Mobile terminal application control identification method based on computer vision

The technical field is as follows: the invention relates to a non-invasive control identification algorithm applied to a mobile terminal based on computer vision, and belongs to the technical field of computer software.

Background art:

the number of mobile applications has been explosively increased with the development of mobile internet, and software design has become more and more complex. Therefore, the demands of automatic testing, page structure decomposition, human-computer interaction analysis and the like of the mobile application are increasing day by day, and the demands do not depart from a control identification method based on a Graphical User Interface (GUI), namely, interactive visual components in the GUI are automatically identified. For example, in order to ensure the product quality of mobile applications, GUI automation tests are often required, and the mainstream "record playback" method currently used needs to determine the number, positions and interactive operations available in the GUI interface in advance.
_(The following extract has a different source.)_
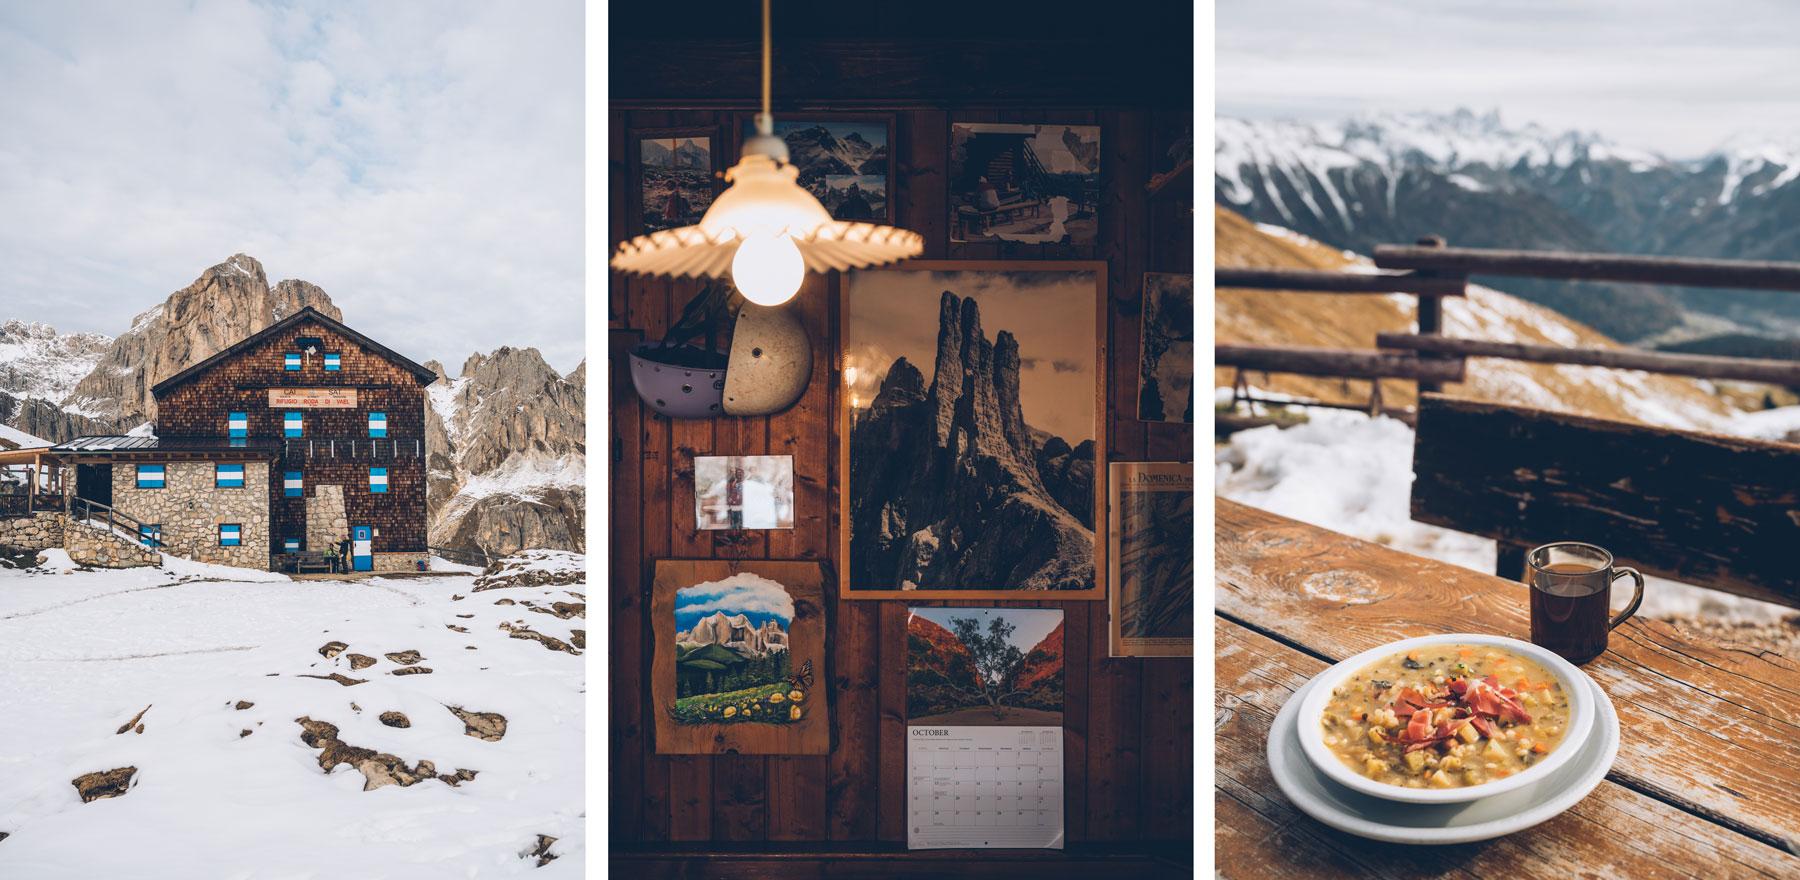 le refuge mythique des Dolomites, le Rotwandhütte

At present, most of common control identification methods identify controls according to control attributes, and can be mainly classified into three categories: coordinate-based control identification, source code-based control identification, and control tree-based control identification. The following disadvantages are mainly present: (1) an understanding of the functional meaning of each control cannot be achieved. The existing method just classifies the controls by using the attributes, but cannot really identify the specific purpose of each control. In addition, the method fails when the attribute value is null or repeated. (2) The method can not be applied to complex scenes such as pages with interactive logic such as pop windows and sub-pages. (3) It has no universality. Because the control identification logic, the control calling logic and the like of the Android and iOS platforms are different, the control identification scheme cannot be reused.
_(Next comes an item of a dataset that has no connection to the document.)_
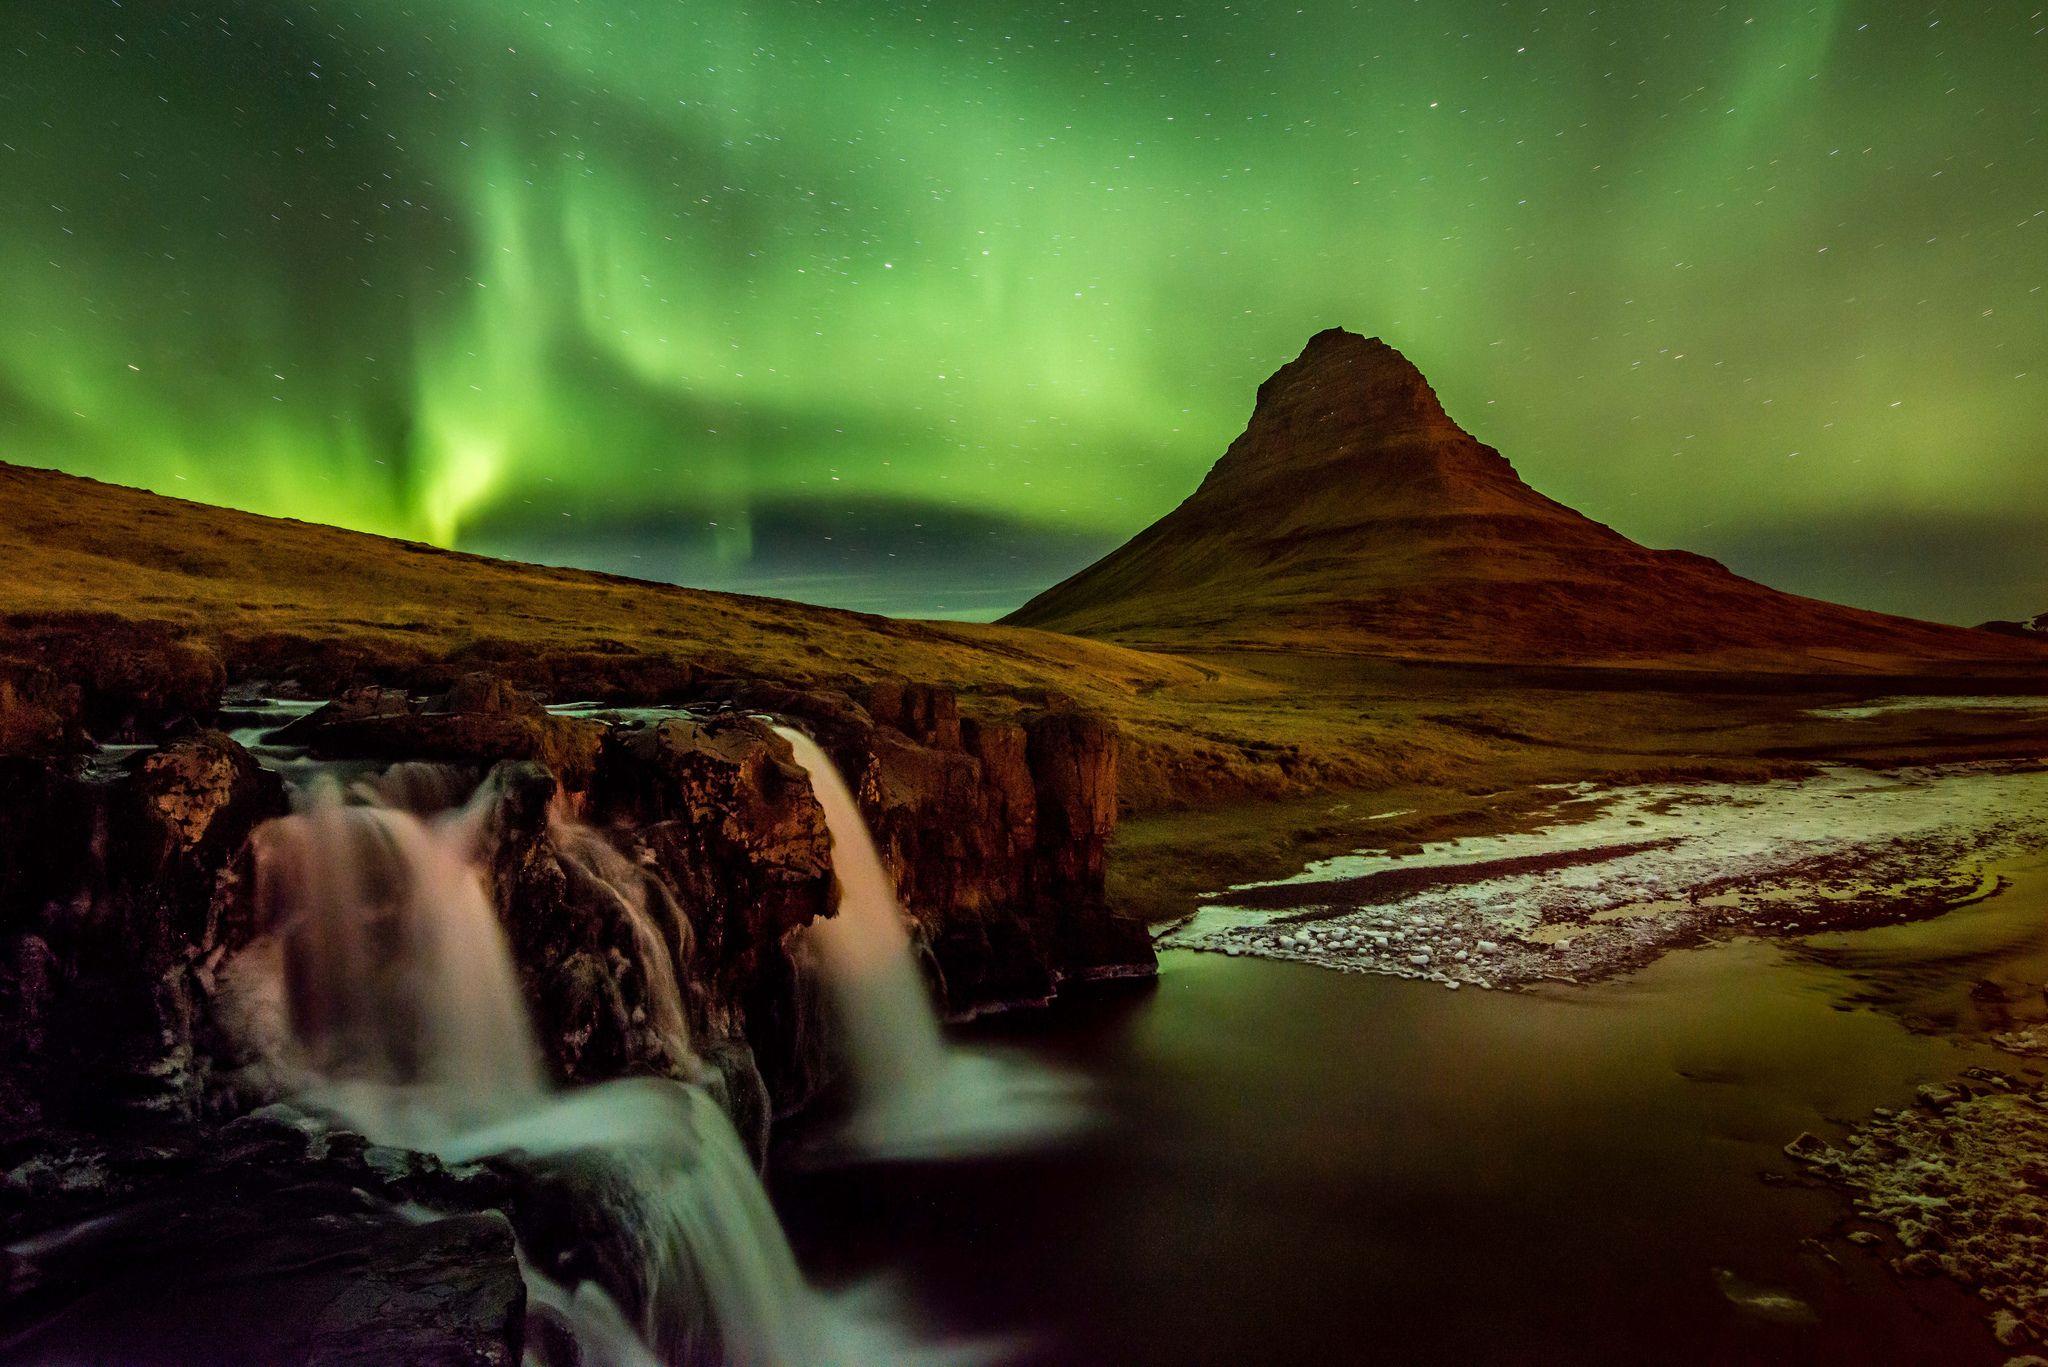 Terrenature Aurore Boréale Fond Décran Aurora Iceland

The invention content is as follows:

aiming at the problems and difficulties, the invention provides a mobile terminal application control identification method based on computer vision. Compared with a control identification method based on coordinates, the method can be adapted to devices with different platforms and different resolutions, and is higher in universality; compared with the identification method based on the source code, the method is non-intrusive, namely the source code of software does not need to be obtained, the method can be used in scenes such as black box test and the like, and has a wider application range; compared with a control identification method based on a control tree, the method is not influenced by the page hierarchical structure and the control position, and can flexibly deal with various complex scenes. In addition, the method can realize semantic understanding on each control, and can identify the specific purpose of each control besides judging the position and the attribute of the control.
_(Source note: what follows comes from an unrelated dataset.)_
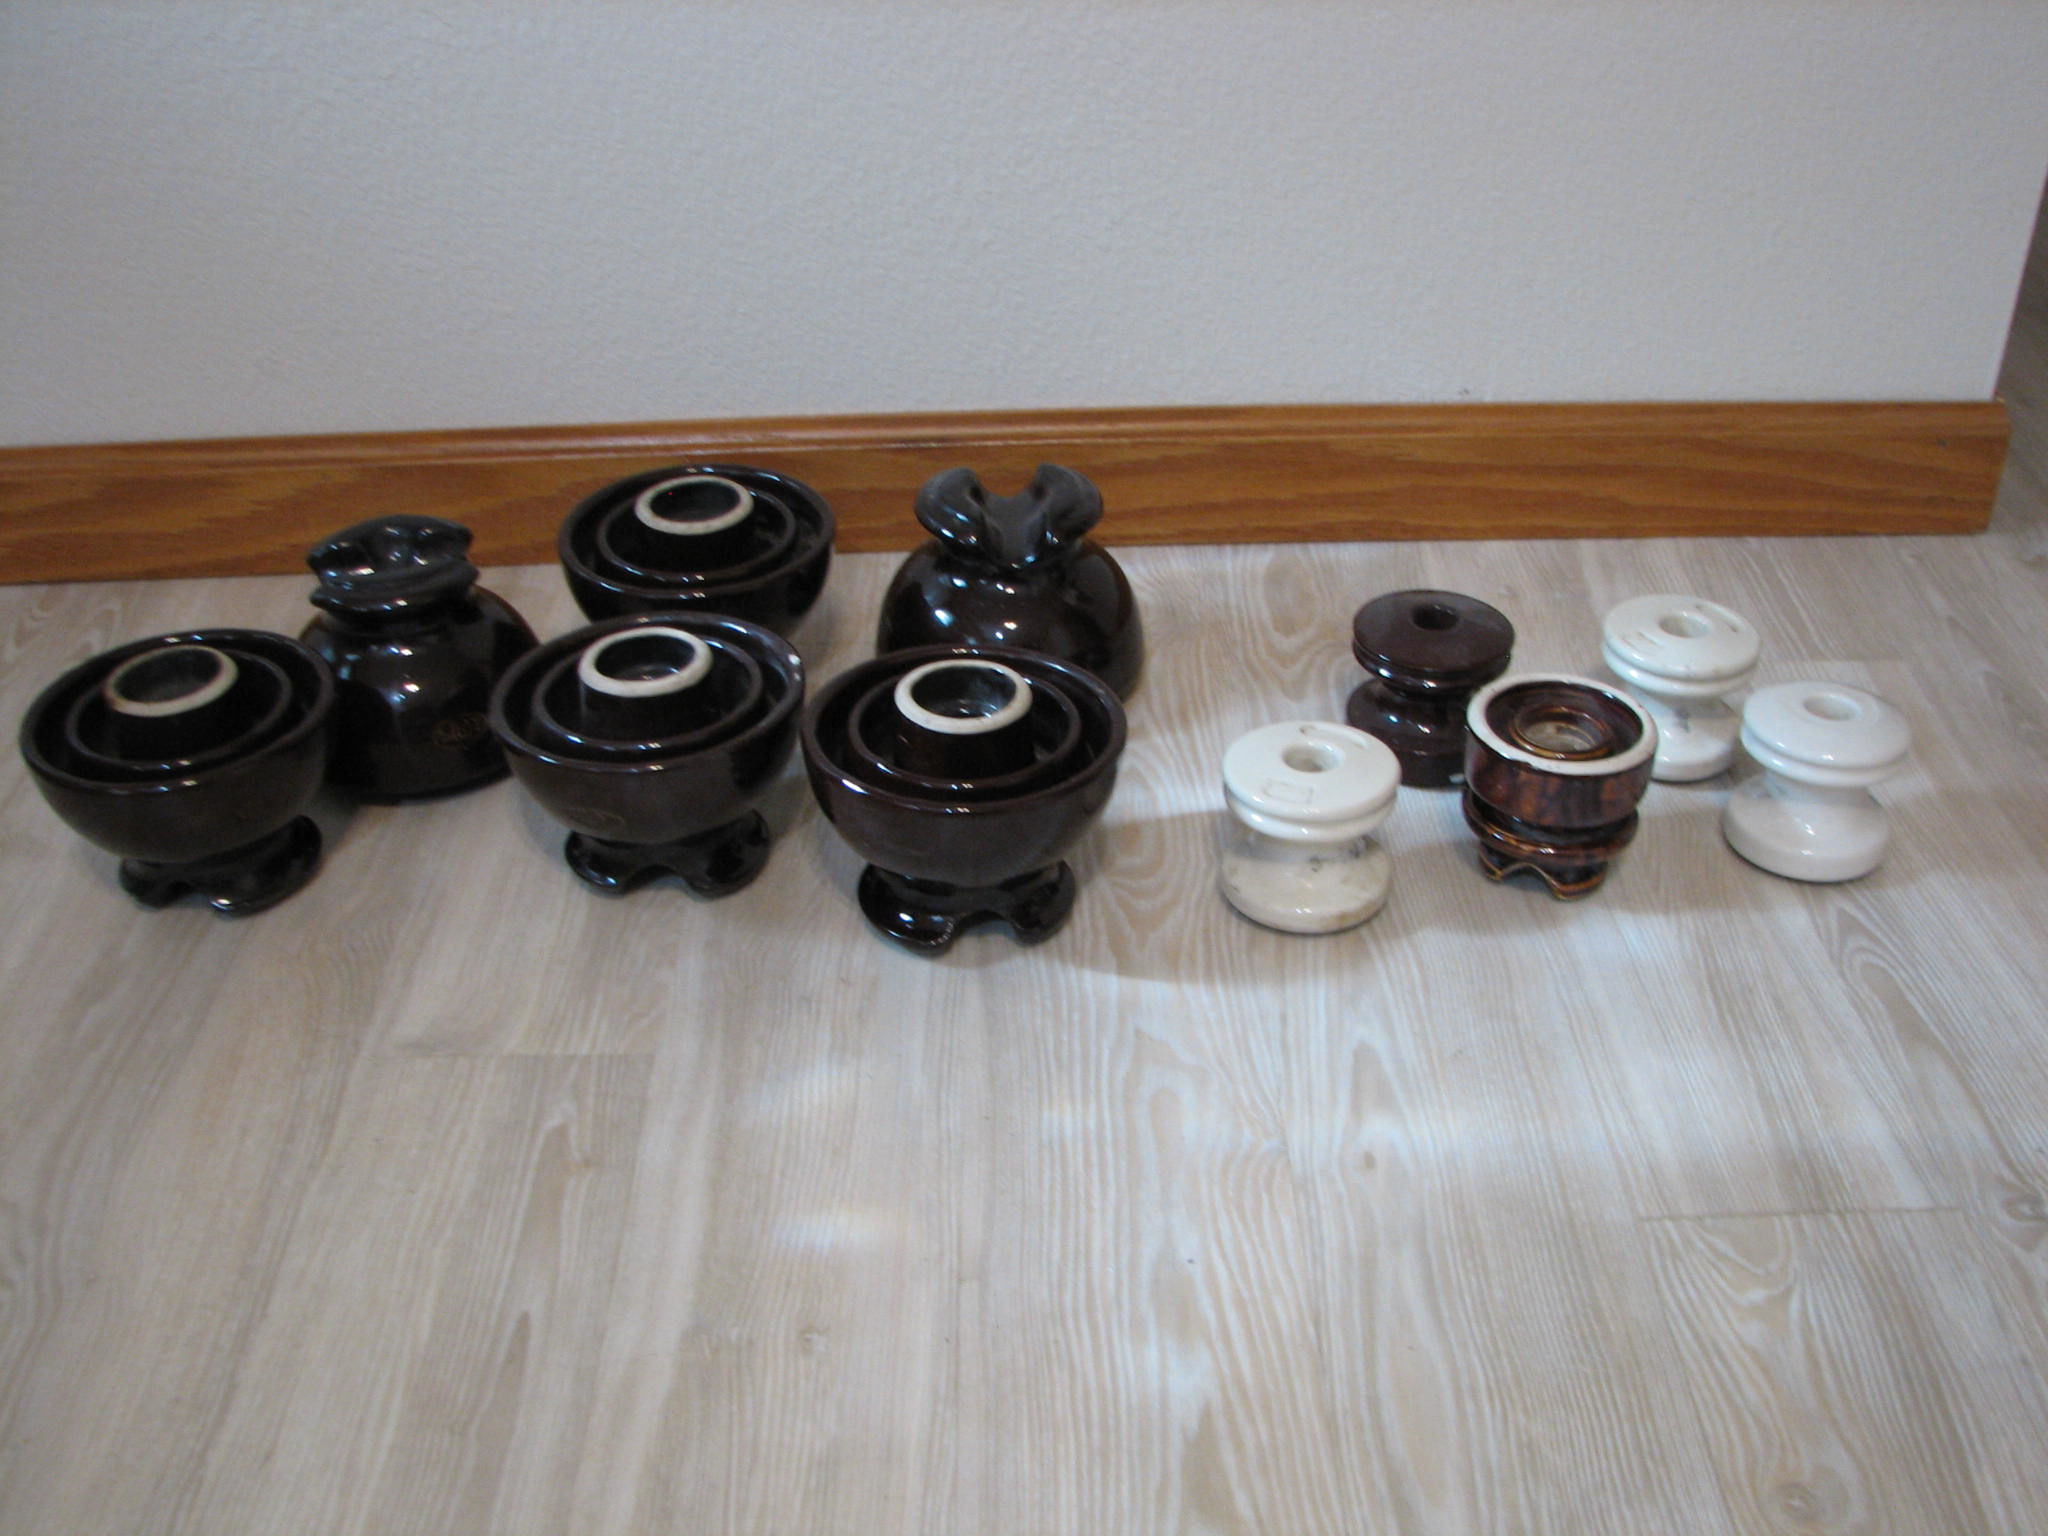 Vintage Ceramic Insulators image 1

A mobile terminal application control identification method based on computer vision specifically comprises the following steps: s101: the screen reader is turned on and its main role is to describe elements on the screen in voice and out of the focus box by examining the GUI of the mobile application and the extra information the mobile application provides for the barrier-free feature. S102: and opening corresponding software, performing one-time operation on the screen by the mechanical arm, capturing the screen, uploading the screen to the server, and preprocessing the image. S103: and determining an RGB matrix corresponding to the color of the focus frame for the screenshot obtained in S102, and superposing according to different backgrounds to obtain an RGB range. S104: and extracting the pixels in the RGB range obtained in the step S103 from the screenshot obtained in the step S102 to obtain a single-channel image. S105: and expanding the image of the S104, carrying out edge detection according to the single-channel image obtained in the S104, and detecting the edge of the focus frame. S106: and performing linear detection according to the edge obtained in the step S105, and obtaining a rectangular coordinate system equation of the straight line. S107: and screening the equation obtained in the S106 to obtain a straight line corresponding to the focus frame, calculating the center coordinate and the length and the width of the control, and converting the center coordinate and the length and the width into the screen ratio. And S108, determining the function of the rectangular screenshot framed by the focus frame in a computer vision mode according to the central coordinate of the control and the screen ratio of the length and the width obtained in the S107. S109: and (5) forming a corresponding relation between the coordinates of the control obtained in the step (107) and the characters identified in the step (108), and constructing a page tree with the key value pairs as nodes. And S110, if the control to be clicked is known, traversing the page tree obtained in the step S109 to find the node corresponding to the control, wherein the path from the father node to the target node is the path operated after opening the APP, the physical coordinates on the screen are obtained according to the percentage of the coordinates of the control in the image, and the mechanical arm can directly double-click the control until the target control is found.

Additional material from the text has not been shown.